La manière dont la crise est racontée en interne influence fortement le turnover. La DRH doit piloter une communication claire et périodique pour les salariés : bilan des mesures prises, calendrier de décisions, opportunités de mobilité et dispositifs d’accompagnement. L’absence de communication génère rumeurs et départs non maîtrisés.

Que peuvent apprendre les DRH d’autres grands événements ?

Les retours d’expérience de Paris-2024 et d’autres comités montrent l’importance d’un triptyque : gouvernance claire, plan RH robuste et base financière sécurisée. La mission d’Étienne Thobois et l’implication de l’État visent précisément ces trois axes. Pour les professionnels RH, la leçon est simple : anticiper le risque de défaillance managériale et institutionnaliser les sauvegardes de compétences.

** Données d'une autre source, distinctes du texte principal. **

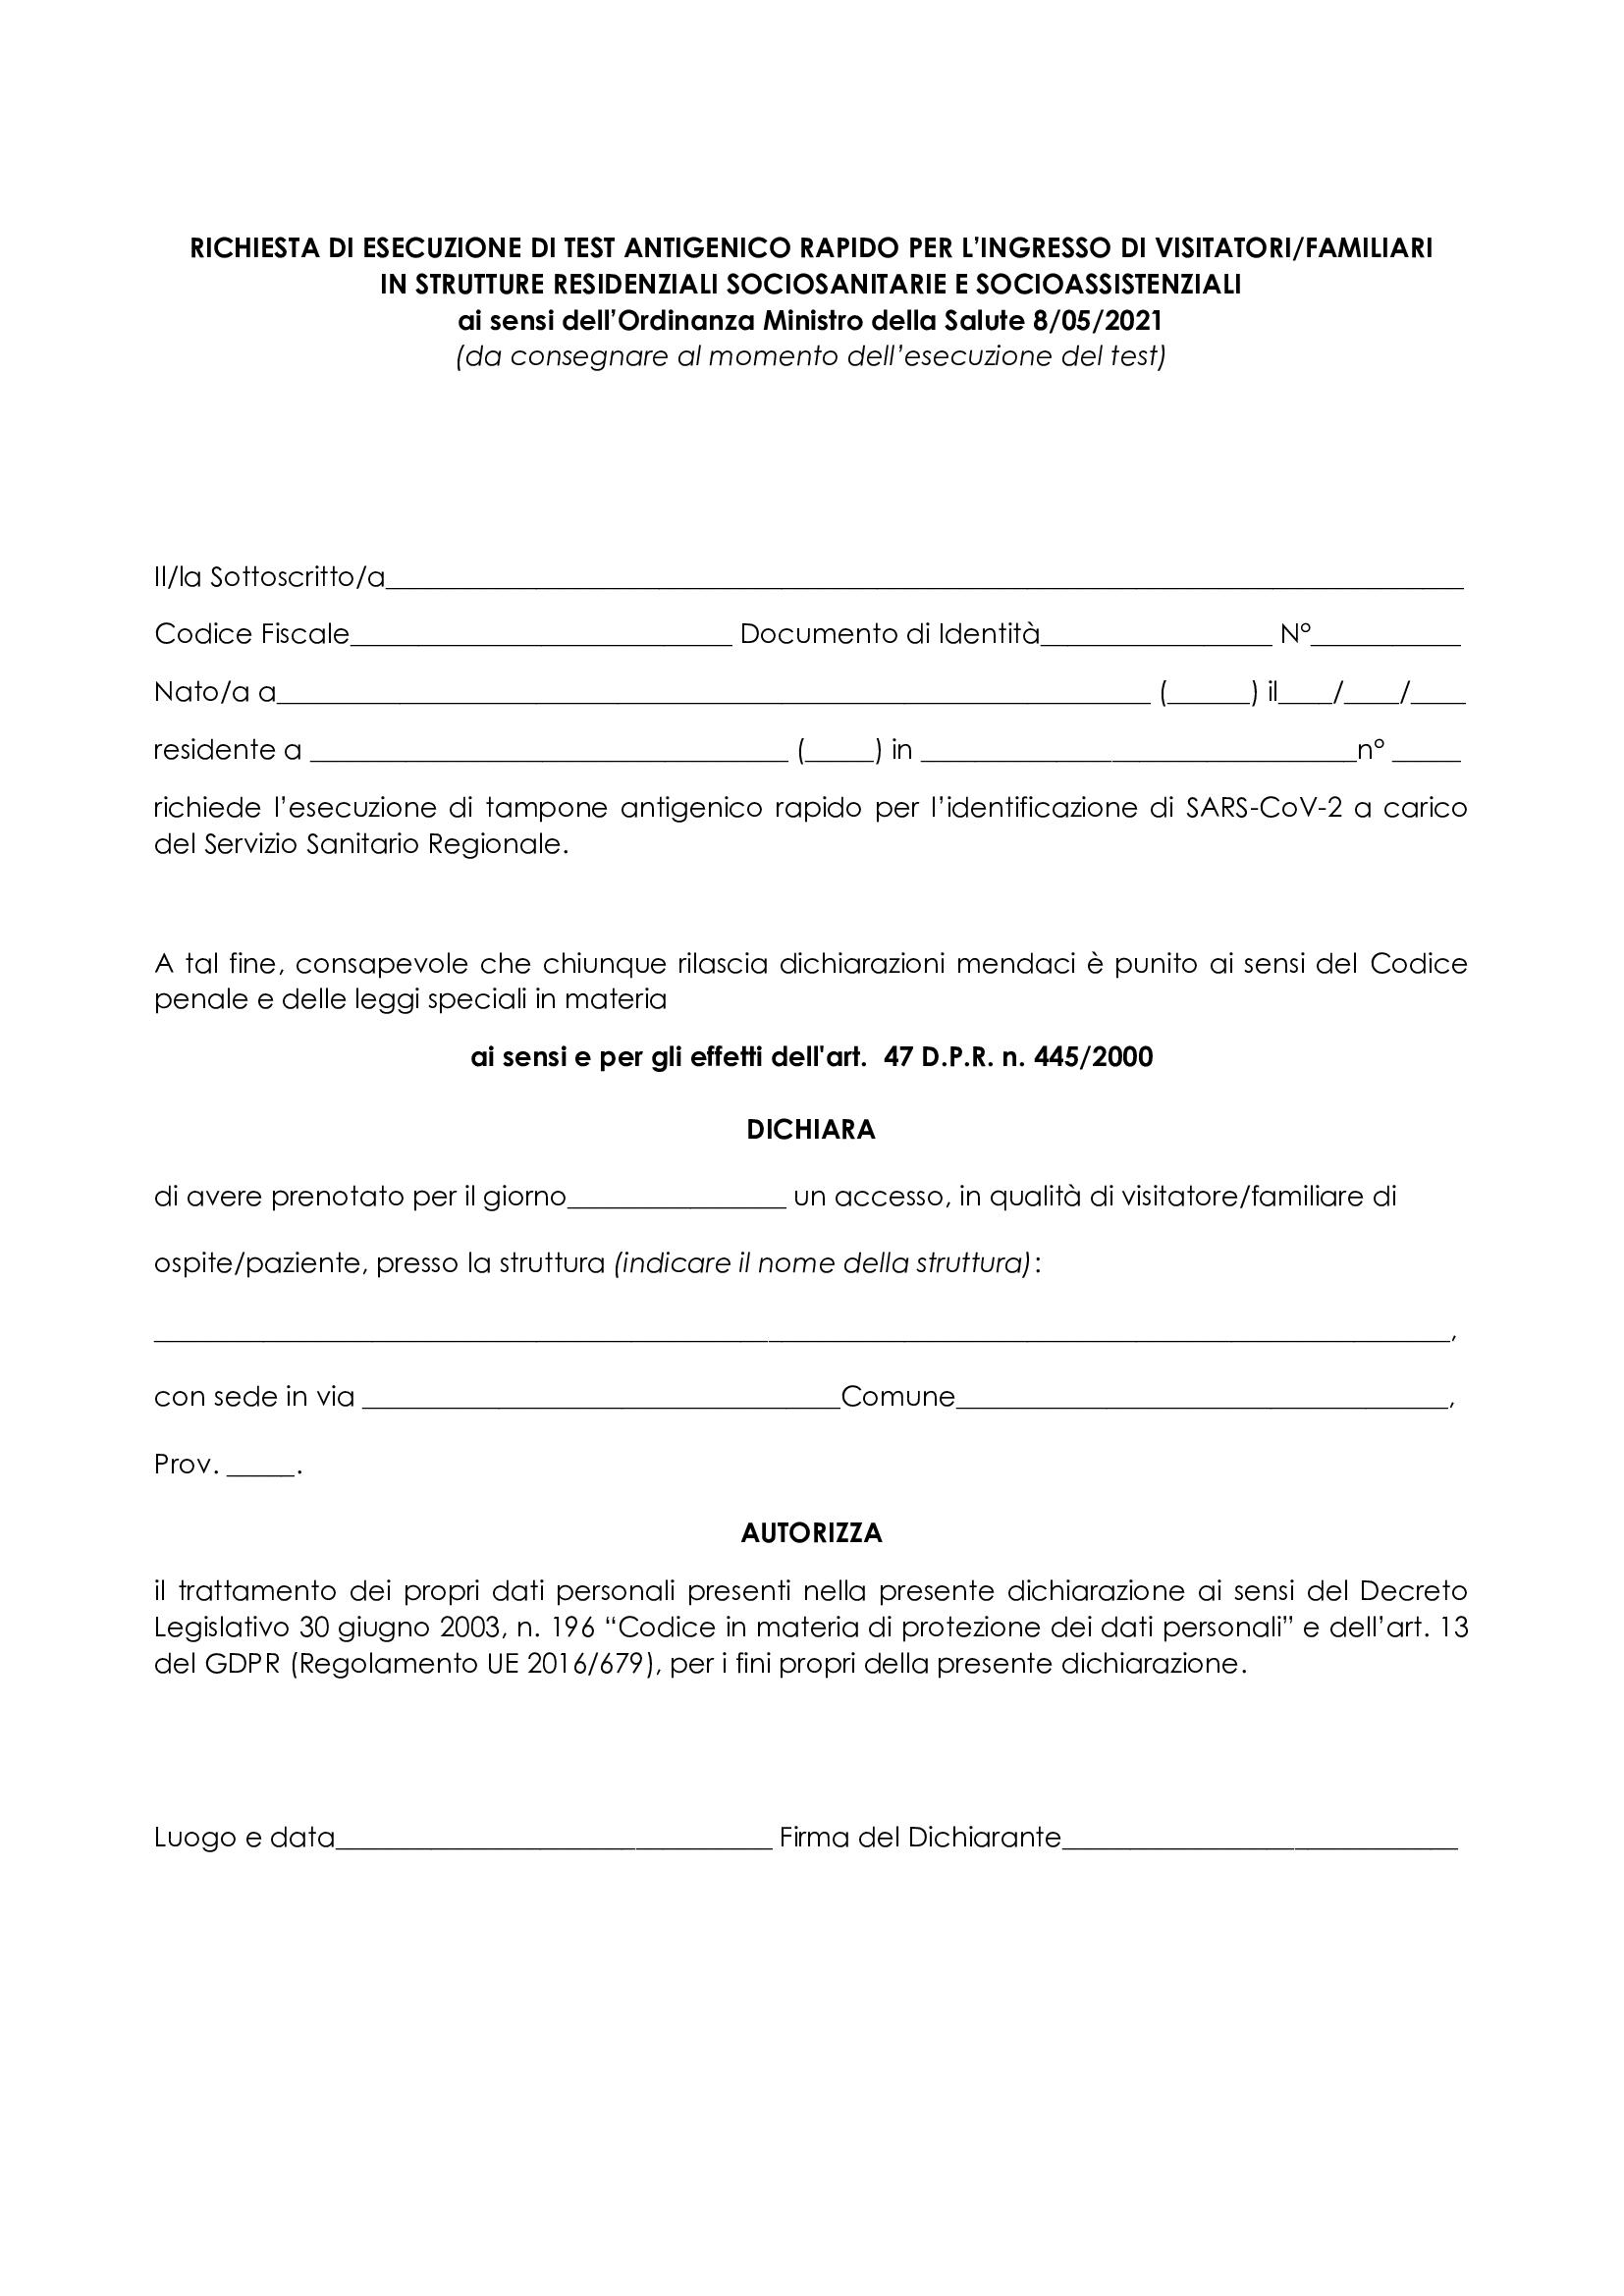 dichiarazione-per-tampone-visite-residenze-_002_v2

Ressources et lectures recommandées

Pour approfondir les diagnostics et les chiffrages évoqués, consulter : le dossier d’enquête sur la mission de stabilisation publié par Le Dauphiné, l’article sur l’inspection gouvernementale ici, et une fiche de poste récente pour les recrutements RH disponible sur la plate-forme des annonces Inrecruiting.

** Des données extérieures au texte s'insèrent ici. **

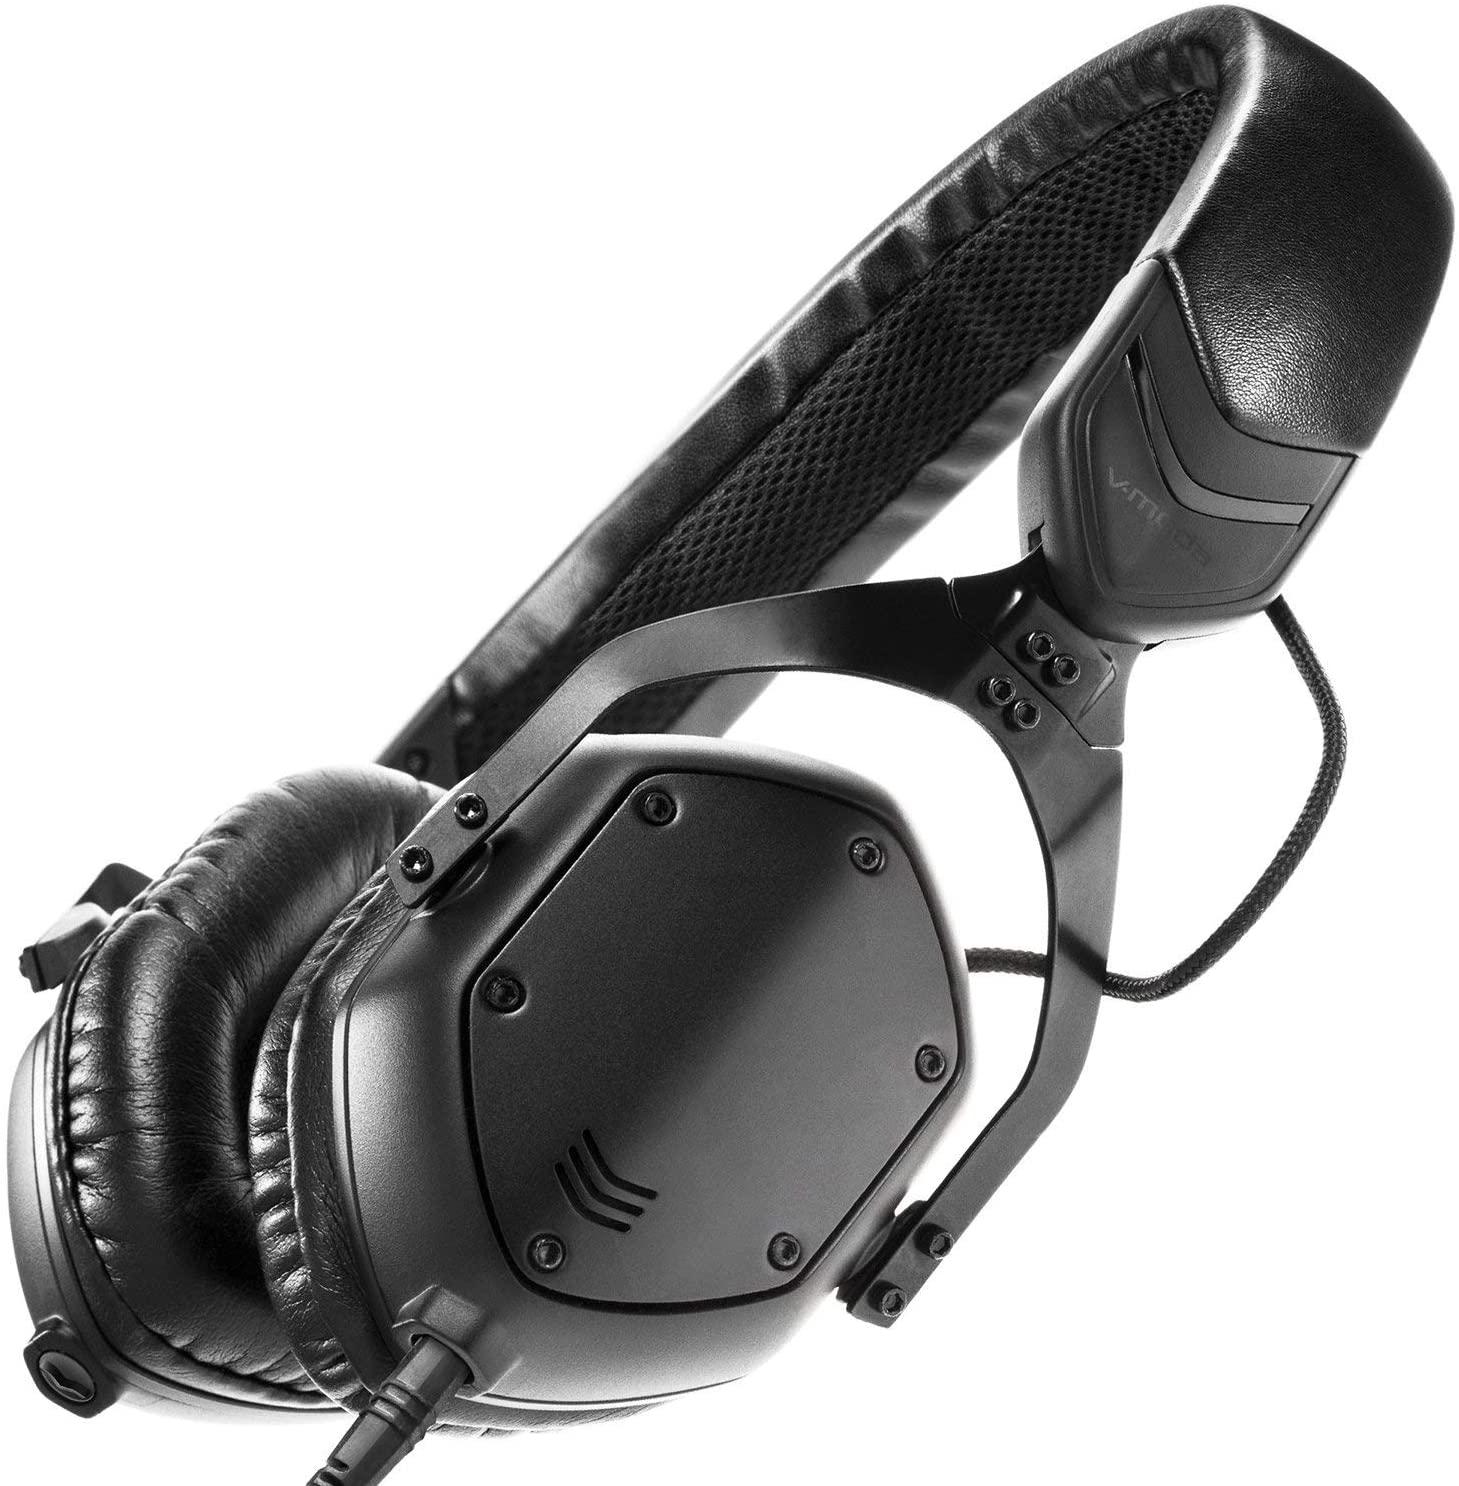 Auriculares de diadema V-MODA XS

Perspective régionale et ouverture stratégique

La crise du comité d’organisation JO 2030 interroge l’ensemble des acteurs régionaux (collectivités, entreprises partenaires, prestataires). Au-delà du court terme, la capacité du COJOP à stabiliser sa gouvernance déterminera la confiance des investisseurs locaux et la réussite du projet. Pour les DRH en région Provence-Alpes-Côte d’Azur, il s’agit d’une opportunité pour proposer des partenariats de formation, des viviers de compétences locaux et des dispositifs de mobilité inter-structures afin de sécuriser les métiers critiques jusqu’à 2030.

Enjeux RH immédiats : agir vite sur la succession, sécuriser les talents, formaliser le transfert de compétences et aligner le plan de recrutement sur un plan de financement réaliste. Le rendez-vous du 19 mars 2026 sera une date clé pour mesurer la capacité à transformer les tensions en feuille de route concrète et mesurable.